Une odyssée commencée en janvier 2000 avec la plainte déposée par un groupe de victimes tchadiennes contre Hissène Habré au Sénégal, c’est-à-dire dans le pays où il avait trouvé refuge depuis 1990. Un mois plus tard, il était inculpé par un juge sénégalais pour torture, crimes contre l’humanité et actes de barbarie. «Mais le président sénégalais Abdoulaye Wade, élu le 1 er avril 2000, a fait traîner l’affaire», se souvient Franck Petit, des Chambres africaines extraordinaires.

En 2005 la justice belge, saisie par trois de ses ressortissants d’origine tchadienne, réclame au Sénégal l’extradition d’Hissène Habré. Dakar refuse.

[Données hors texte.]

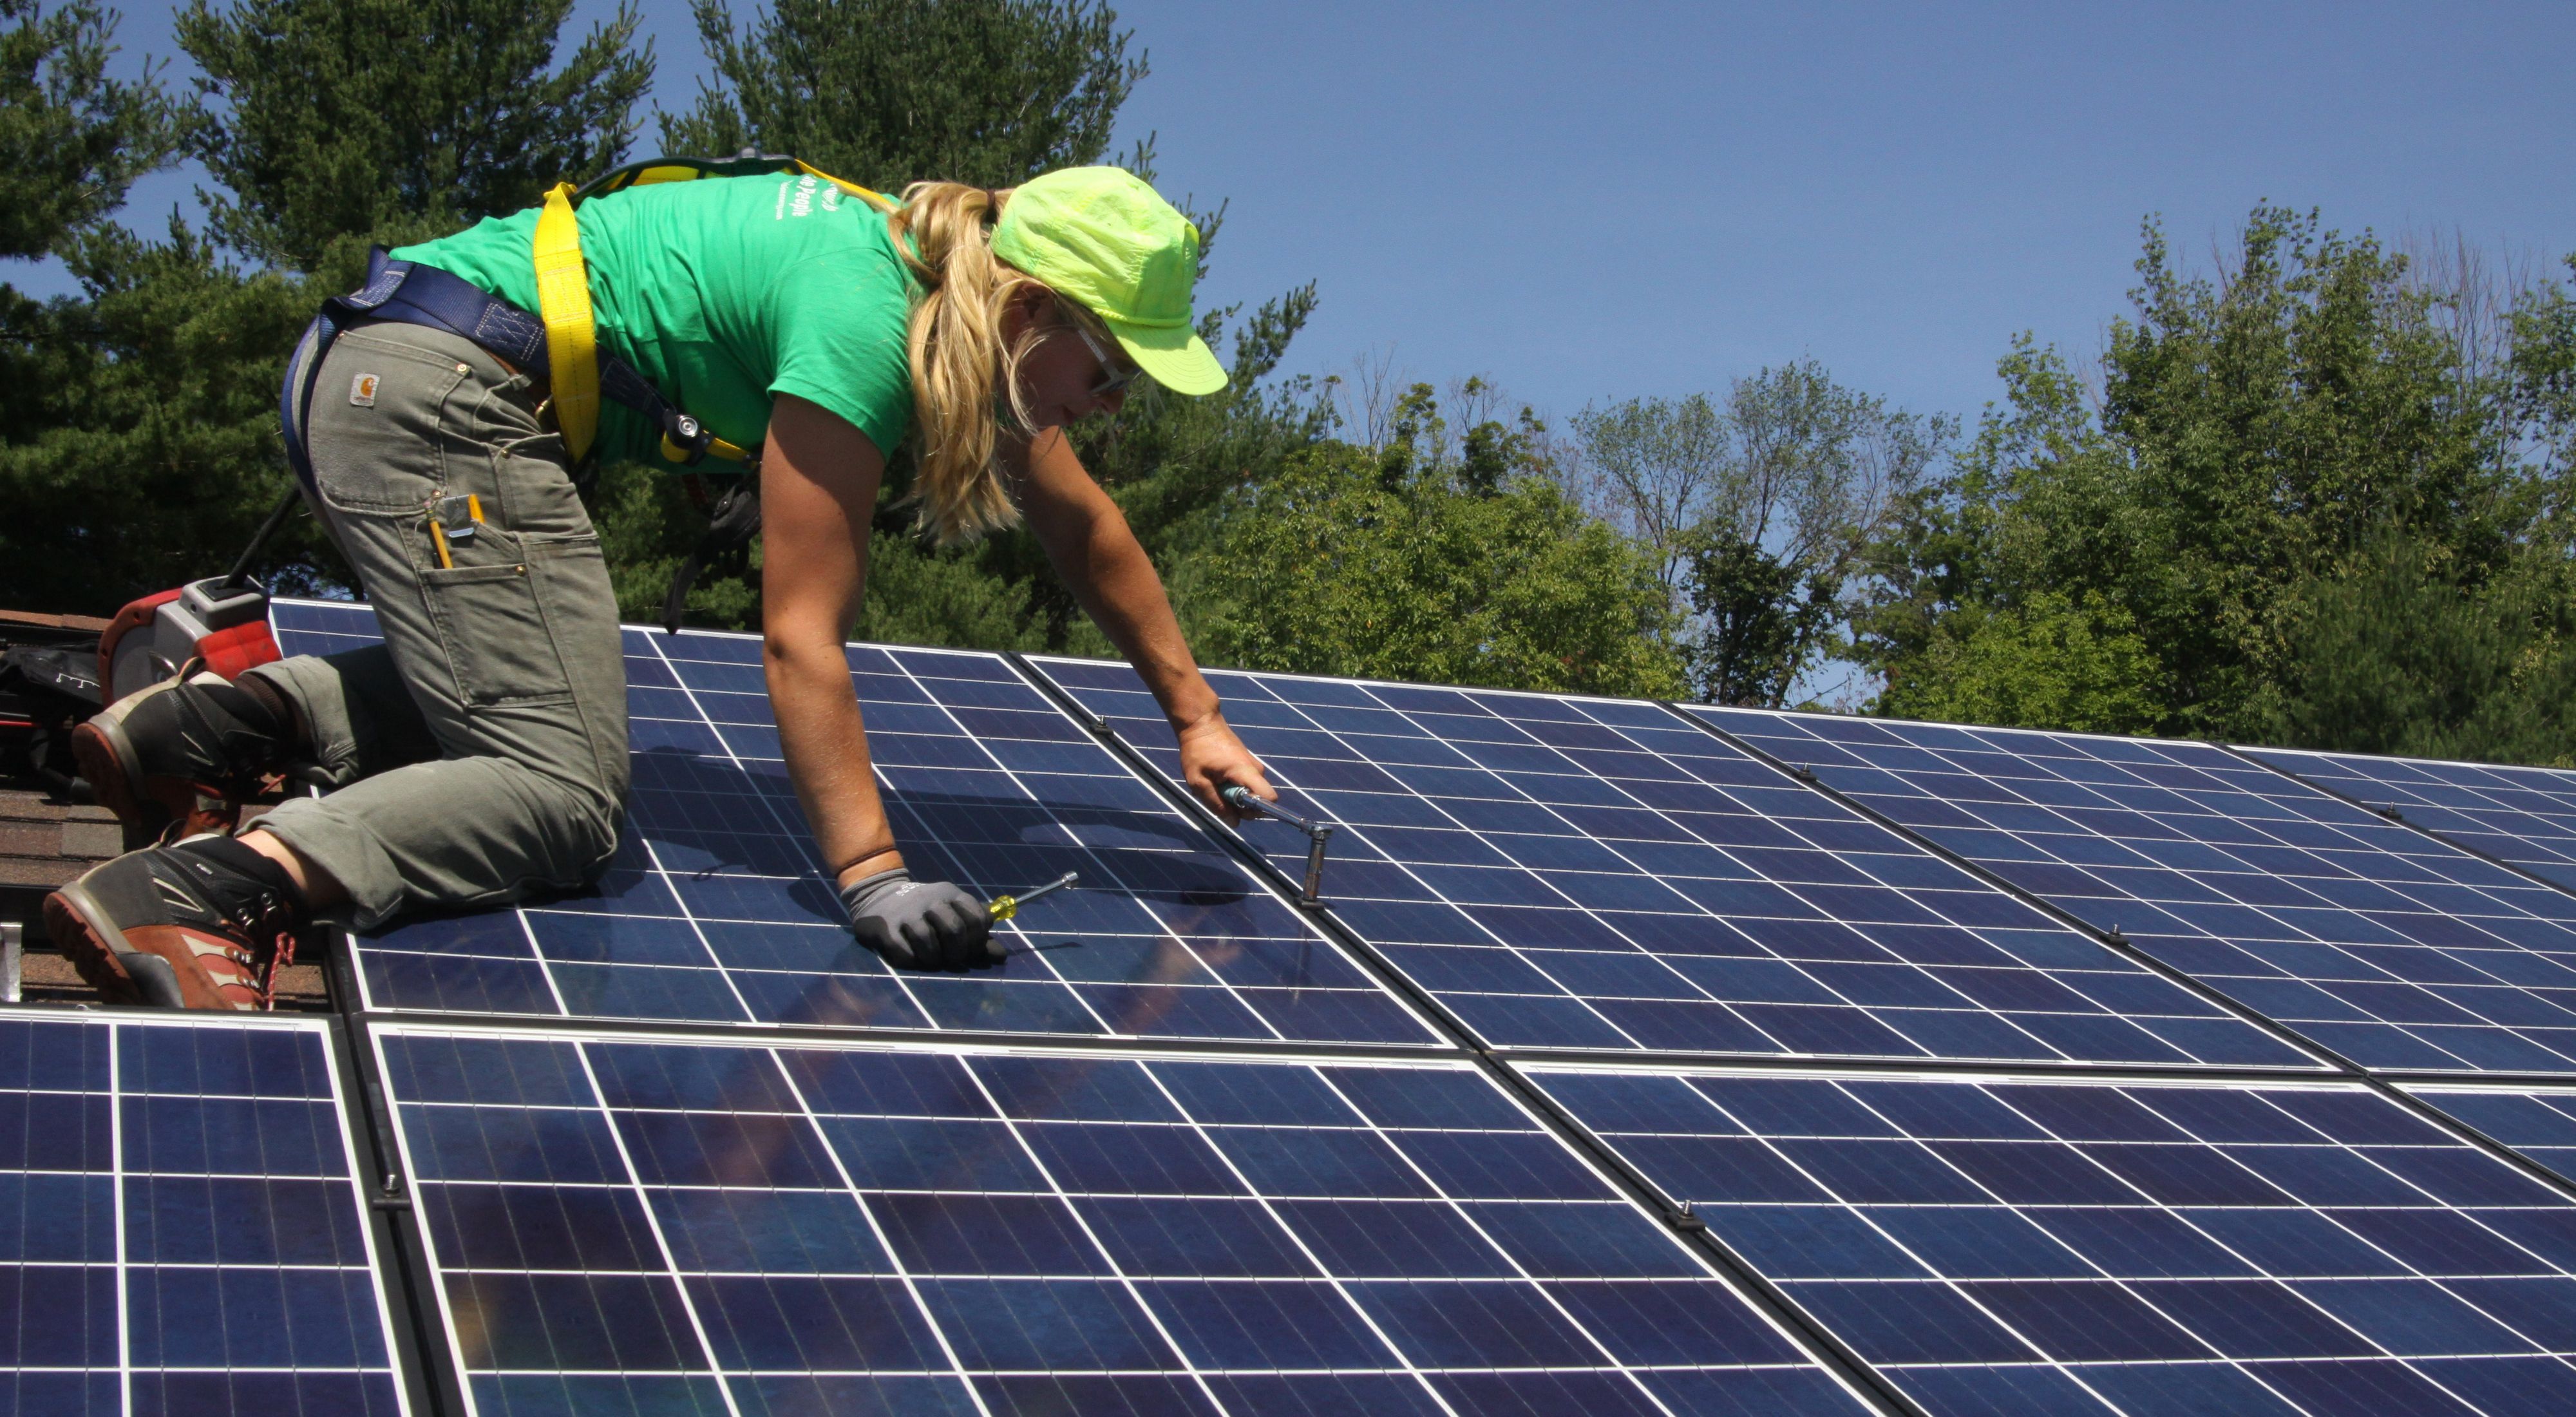 A worker installs solar panels on a roof during a sunny day.

L’Union africaine entre alors dans la danse: «En 2006, elle demande à Abdoulaye Wade de poursuivre Hissène Habré au nom de l’Afrique», explique Franck Petit.

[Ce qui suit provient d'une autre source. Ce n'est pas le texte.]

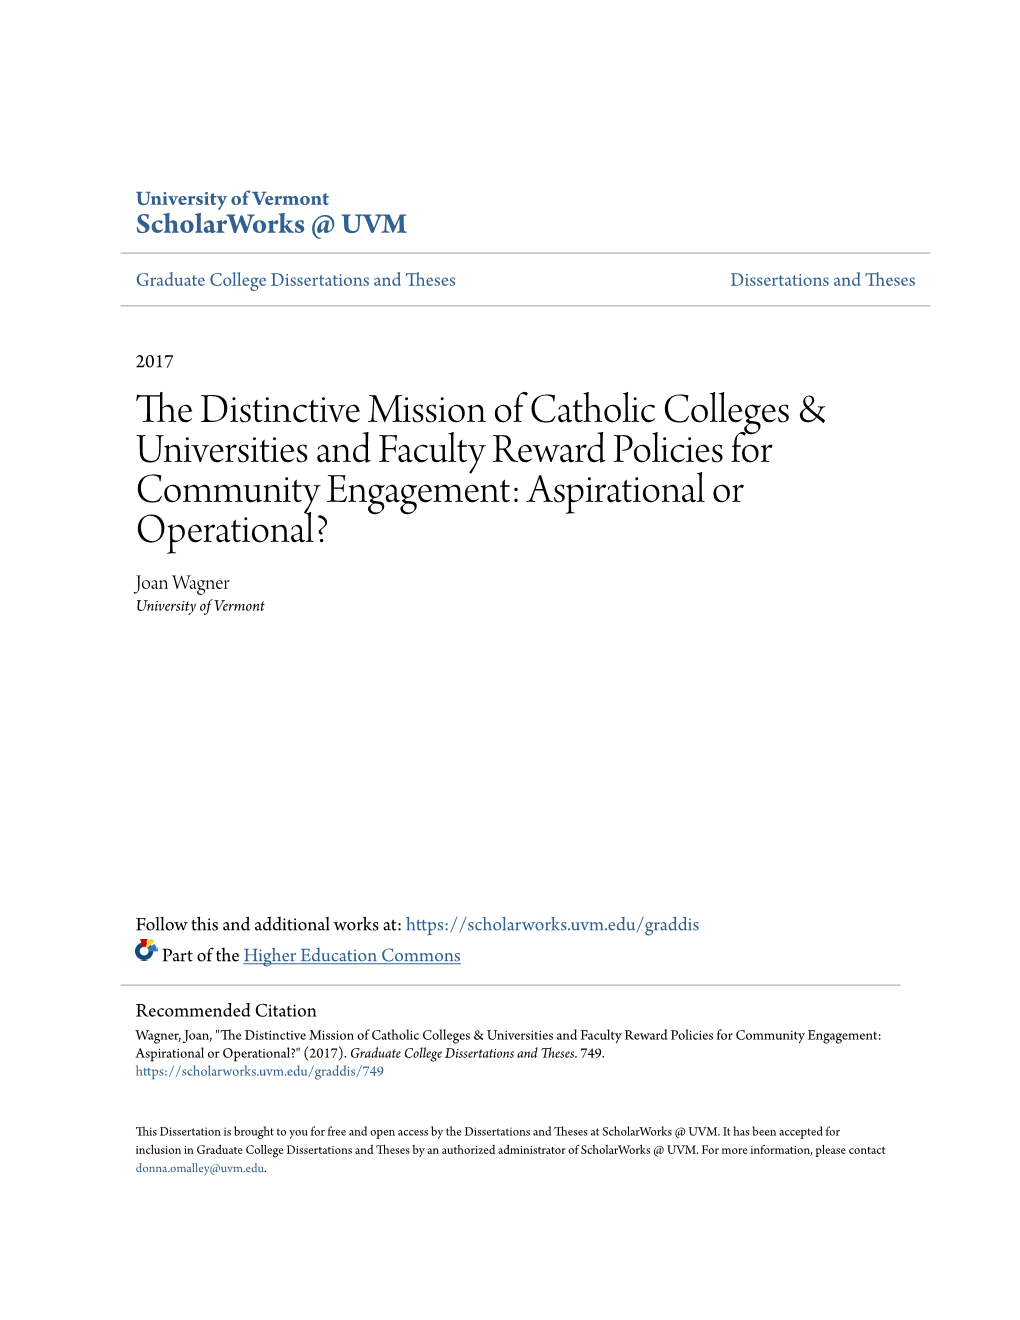 The Distinctive Mission of Catholic Colleges & Universities and Faculty Reward Policies for Community Engagement

L’élection de Macky Sall débloque la situation
À l’issue d’une longue guerre de tranchées juridique et procédurale entre le Sénégal, la Belgique, l’Union africaine et la Cour internationale de justice, cet imbroglio judiciaire se débloque en 2012 avec la victoire de Macky Sall à la présidentielle sénégalaise, et avec la décision de la Cour internationale de justice ordonnant au Sénégal de poursuivre ou d’extrader Hissène Habré.

«C’est dans ce contexte que les CAE ont été créées, complète Franck Petit. Elles ont inculpé Hissène Habré en juillet 2013. L’instruction a duré dix-neuf mois, les CAE se sont rendues plusieurs fois au Tchad, ont rencontré 2 500 témoins, ont ouvert des charniers, étudié les archives de la police secrète d’Habré. L’instruction a été sérieuse.»

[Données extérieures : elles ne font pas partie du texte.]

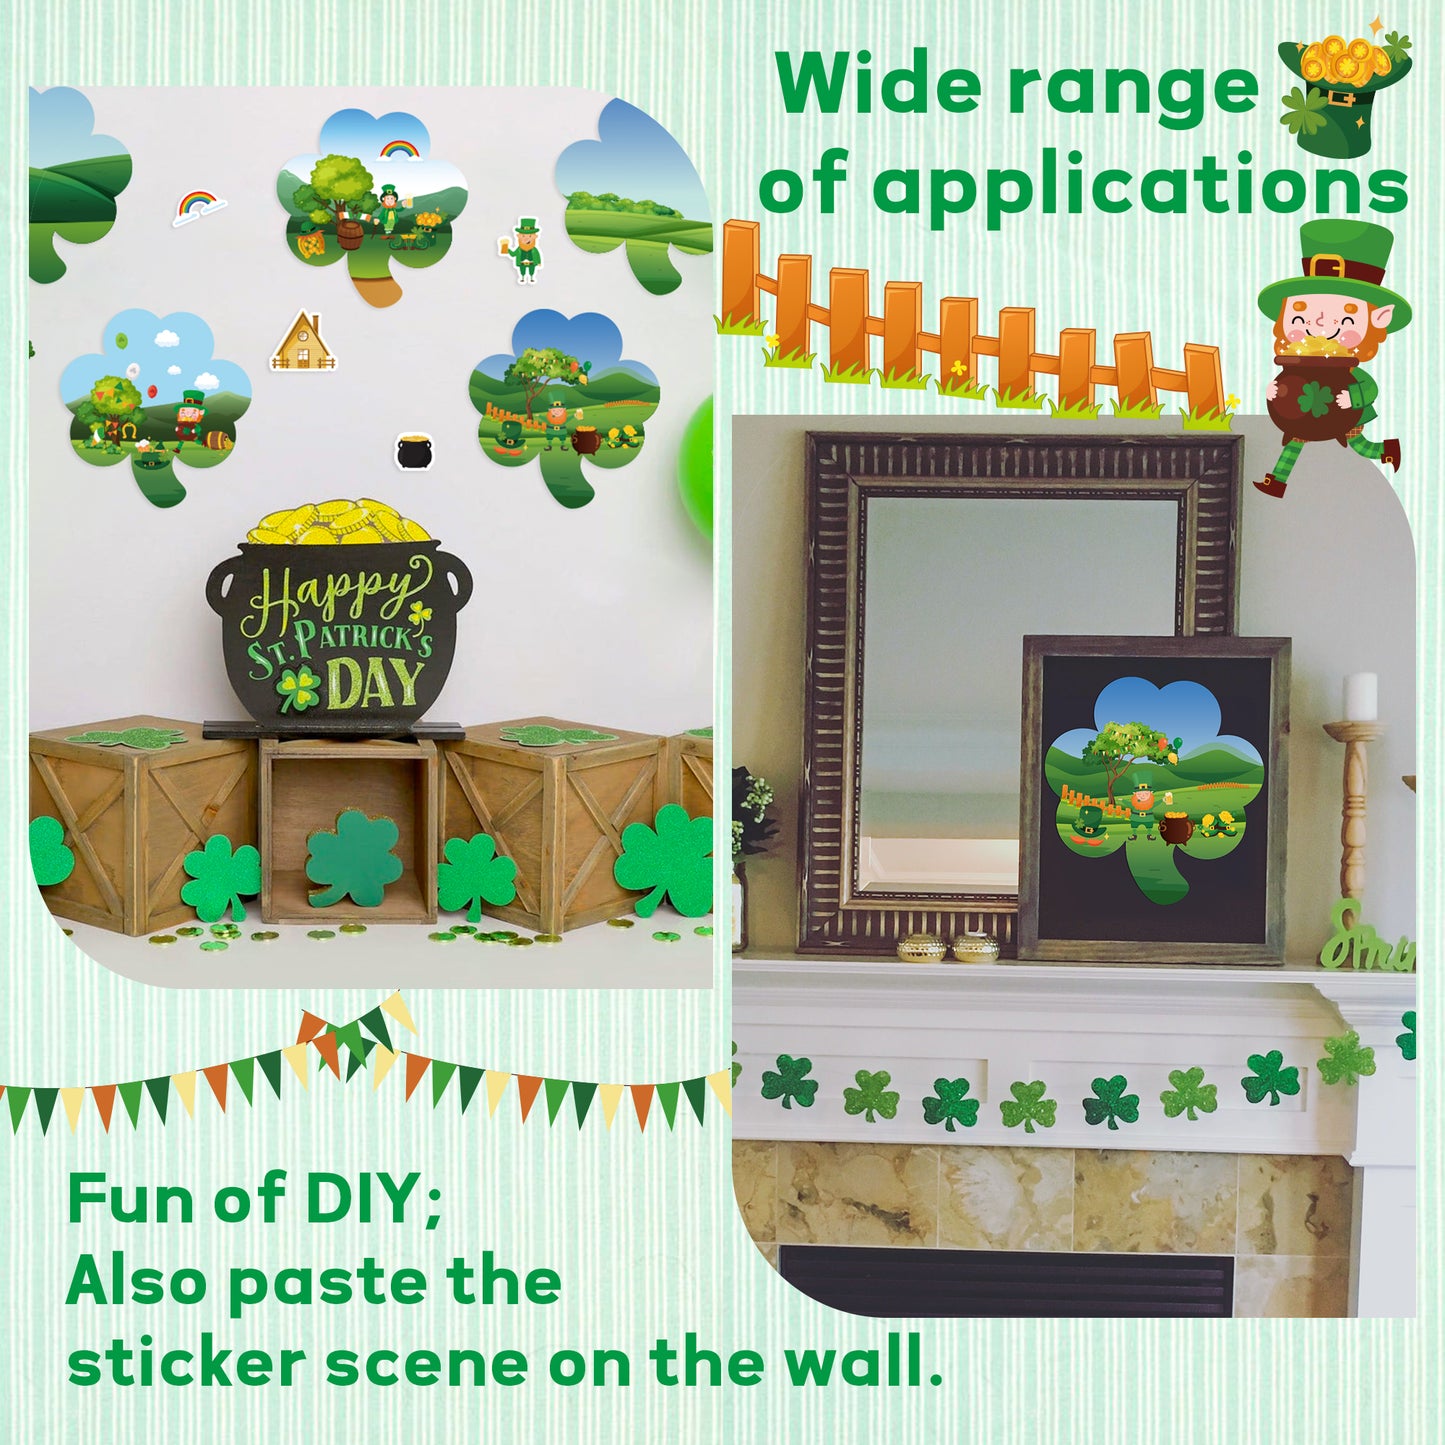 COcnny 24pcs Make a St. Patrick's Day Scene Sticker Craft, Make Your Own Scene Stickers for Saint Patrick’s Day, Shamrock Irish Lucky Clover DIY Art Labels, Classroom Kids Game  Party Goodies Favor

Pour Reed Brody, de Human Rights Watch (HRW), qui a accompagné depuis le début le groupe de victimes ayant porté plainte contre Hissène Habré, ce procès «est l’aboutissement d’un rêve et d’une action d’une quinzaine d’années. Ce procès est la preuve qu’en Afrique, avec acharnement et obstination, des victimes peuvent traduire un dictateur devant la justice».

Mais, poursuit-il, il faut d’abord créer les conditions politiques pour que cela soit possible. «J’ajoute, complète Florent Geel, que ce procès montre que l’Union africaine et l’Afrique peuvent rendre la justice sur le continent sans les Occidentaux. Avec toutes les victimes des dictateurs, nous attendons qu’elles le fassent désormais le plus souvent possible.»